Is your Jeep a lemon?

If you’re experiencing persistent issues with your Jeep, your vehicle could be considered a lemon. Despite the intricacies of the Jeep lemon laws, the bottom line remains clear: if a Jeep manufacturer can’t honor their warranty, you deserve a Jeep lemon law buyback or cash settlement for your Jeep lemon law case Contact us today so we can evaluate your case and help you move forward with your Jeep lemon law cases.

Common Jeep Defects

Below is a list of issues and Jeep recalls that our clients have experienced in the past. We’ve successfully brought a number of Jeep lemon law claims against Jeep due to issues with some of the following models: Jeep Grand Cherokee, Jeep Compass, Jeep Liberty, Jeep Patriot, Jeep Wrangler, and more. The issues you may experience are not limited to the Jeep recall list and defects mentioned below.

  • Transmission issues
  • TIPM issues
  • Rough shifting
  • Interior/dashboard defects
  • Suspension problems
  • Ball joint damage
  • Jeep Grand Cherokee recall

Be sure to check a Jeep recall list to see if any of the items apply to your vehicle.

How Shainfeld Law Can Help You With Jeep Lemon Law

“Lemon Law Presumption” is when a vehicle is presumed to be a lemon for one or more of the following things happening within 18 months or 18,0000 miles of being purchased:

  • Been repaired 2 or more times for a grave safety defect that could cause severe injury or even death.
  • Been repaired 4 or more times for a continuous non-substantial safety defect.
  • Any sort of defect places it as undrivable for more than 30 days.

If you’ve experienced any of these scenarios, you may have a lemon. Even if your car doesn’t meet all of the criteria above, you may be entitled to some sort of recovery. Contact us today for an evaluation of your case — we’d love to help you get the Jeep lemon law case settlement you deserve.

What does “reasonable number” of repairs mean for your Jeep?

Although Jeep lemon laws vary, in California there is a certain criterion that states when a “reasonable number” of repair attempts have been made. In order for your Jeep to be a lemon, one of the following scenarios must occur:

  • The vehicle is repaired at least two times for a defect that could cause serious injury or death and the Jeep manufacturer has been notified.
  • The vehicle is repaired at least four times for a persistent non-substantial defect.
  • The vehicle is out of service for more than 30 days.

Recent Jeep Recalls

Ever purchase a new Jeep from the dealership and come home to a shiny white envelope with the words, “RECALL NOTICE”, stamped across the front? Major automotive brands are always trying to track and analyze problems with their Jeeps. They do this both to maintain safety standards as well as encourage efficiency in future production. Have you noticed the emphasis on safety ratings in automobile commercials? Companies place a ton of value in their safety (and the perception of their vehicle safety), so it’s only natural that they’ll care immensely about tracking performance issues.

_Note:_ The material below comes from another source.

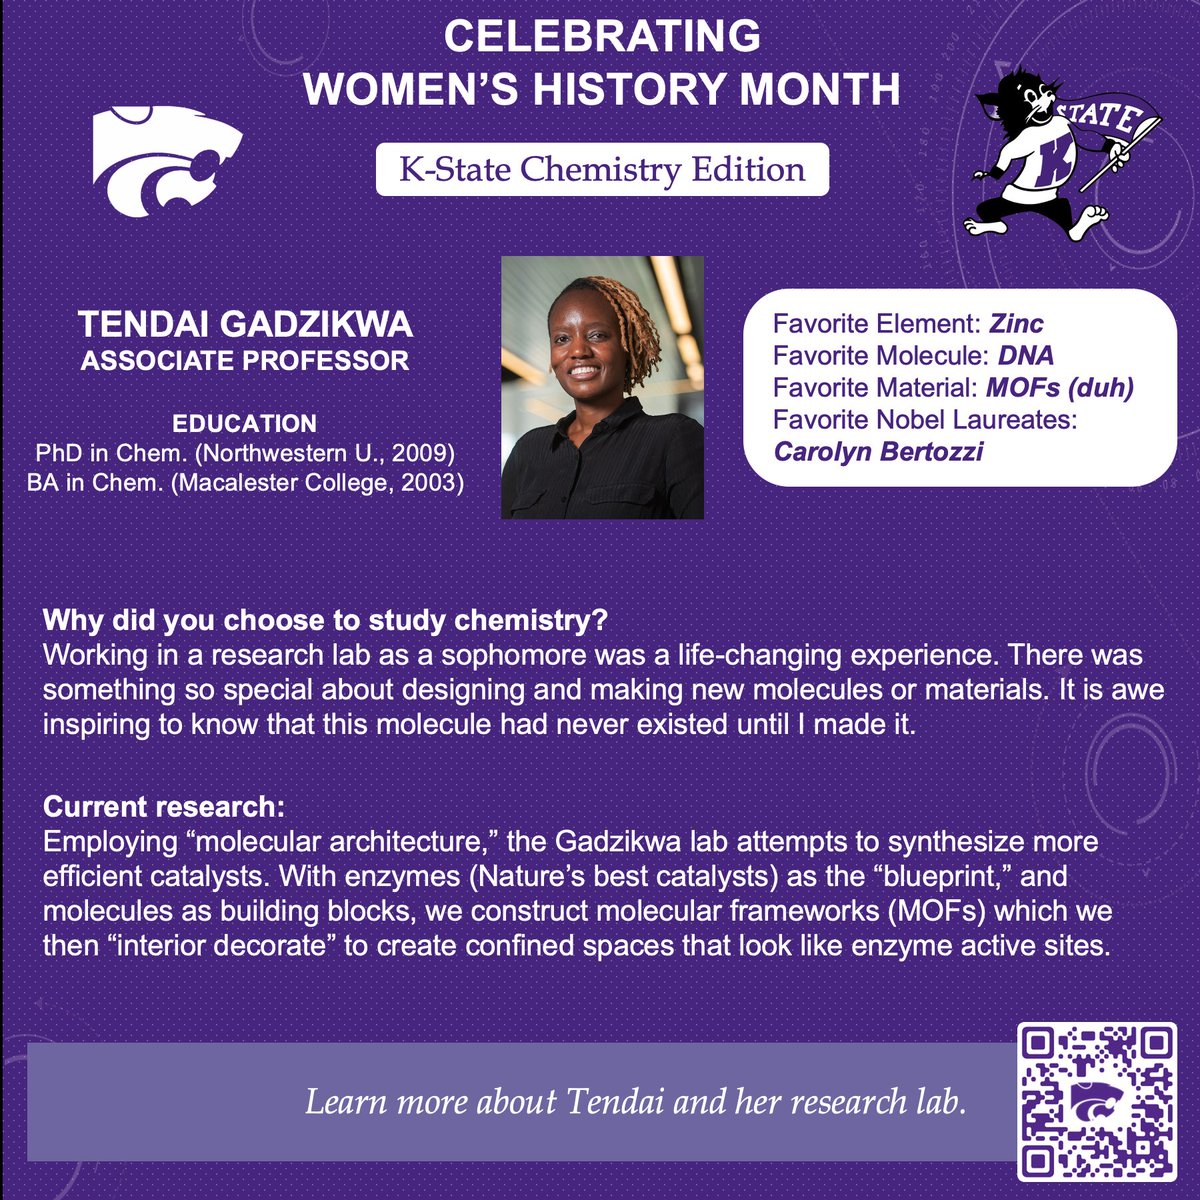 Next up is Tendai Gadzikwa @GadzikwaLab #WomensHistoryMonth #WomenInChem #BlackInChem

These performance and safety concerns can range from the simplest of things like a faulty window lock to something more serious, related to the engine or transmission. Even the seemingly most minor of malfunctions can wind up causing serious danger when not noticed and corrected, particularly with parts that relate directly to the operation of the motor vehicle.

When these malfunctions happen, often enough drivers return to the dealership first to have the vehicle inspected. Consequently, this is one of many reasons to take your car to a dealership for maintenance. The dealership will log issues, and when they happen beyond the limits of normal wear and tear or seem extraordinary in nature, the automaker will typically begin investigating the problem. This typically means gathering info on manufacturing processes on a day-by-day, vehicle-by-vehicle level to follow the specifics of the error in question. Once the issue is spotted, the Jeep maker will announce a recall.

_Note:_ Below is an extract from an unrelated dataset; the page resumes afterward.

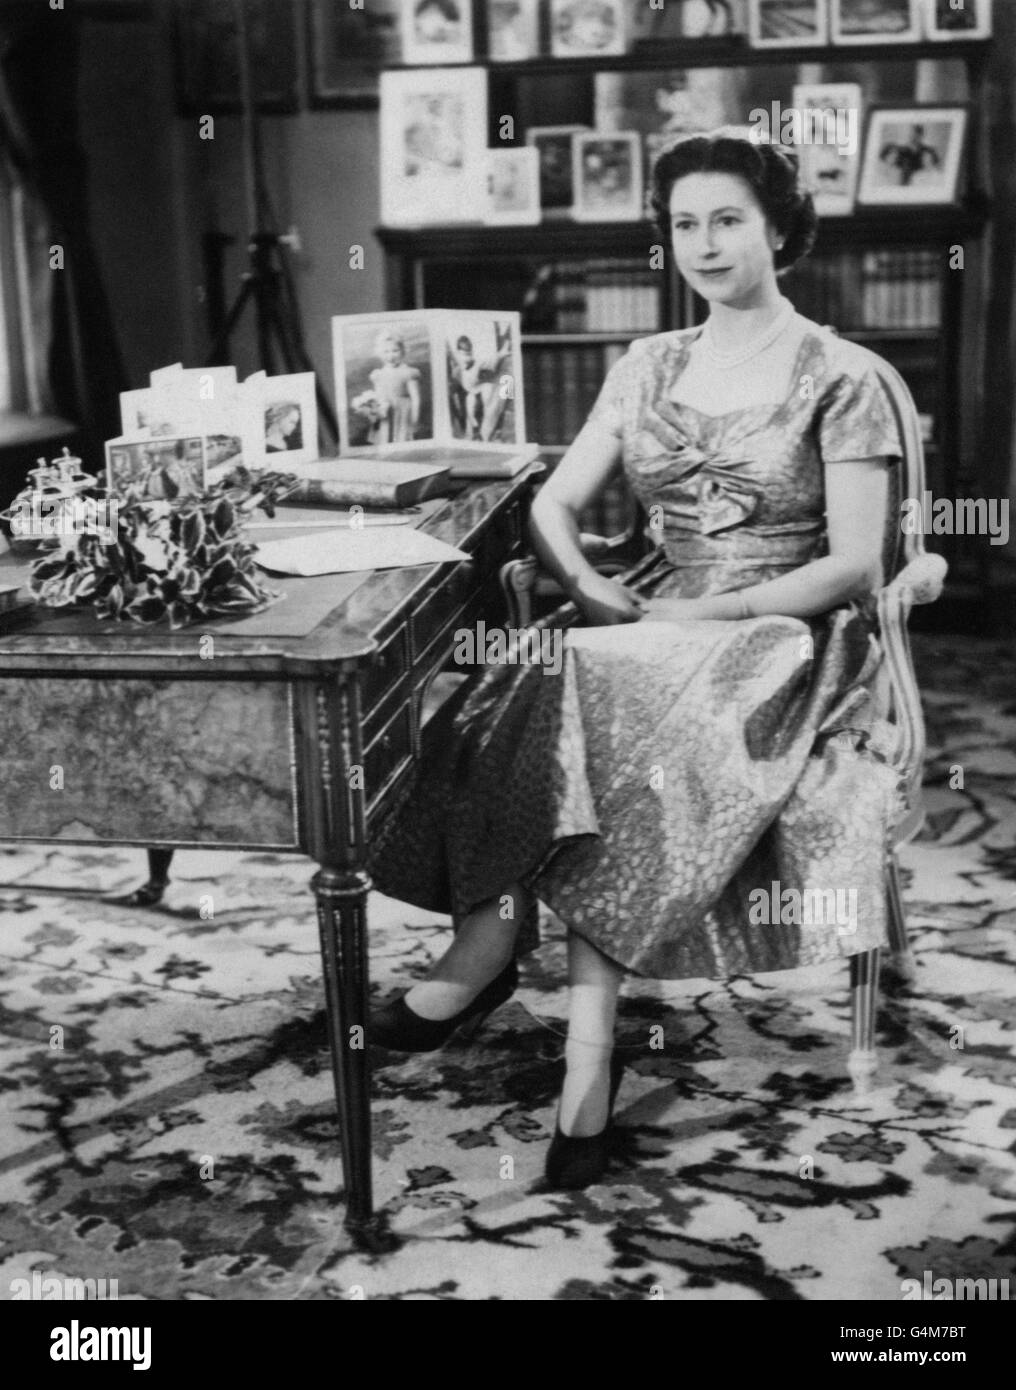 Die Königin, in einem goldgelähmten Kleid, wird in der Long Library in Sandringham kurz nach der Übertragung des traditionellen Weihnachtstages an ihre Völker gesehen. Auf dem Schreibtisch befinden sich Porträts von Prinz Charles und Prinzessin Anne. Die Sendung wurde zum ersten Mal im Fernsehen übertragen und sowohl von der BBC als auch von ITV übertragen. Es war der 25. Jahrestag der ersten Radiobotschaft ihres Großvaters, König George V. an den Commonwealth Stockfoto

Recalls will also be issued by the National Highway Traffic Safety Administration. Automobile makers will scan records and reach out to buyers of Jeeps within the manufacture date in question to suggest bringing the vehicle in to correct the problem, typically free of charge. They track VINs to communicate with original owners; however, if you purchased the vehicle used you need to be particularly prudent to check online for recall notices.

For Jeep owners out there, one recent recall example includes:


Chrysler Recall of 18,000 Jeep Wranglers in Summer 2018

The automaker signaled the recall, concerned that a faulty welding problem in the frame could result in a sudden crash, injury and loss of life. The weld, on the front track bar, keeps the axles centered. If the bar were to separate from the frame, steering would be impeded and the vehicle could quickly crash. This is of notable concern, particularly when the Wrangler is the second-most popular Jeep vehicle.

2018 and 2019 models were affected by this recall notice. Fiat Chrysler Automobiles noted that, of the 18,000 vehicles being recalled, they only suspect that 4% of vehicles will be susceptible to the weld failure but still want to take extra precautionary measures to address the concern.

When recalls as this occurs, it’s best to contact your local dealership immediately and schedule an appointment to have your Jeep inspected and the recall corrected. Don’t hesitate! Avoid accidents and injuries by correcting your recalls as soon as possible.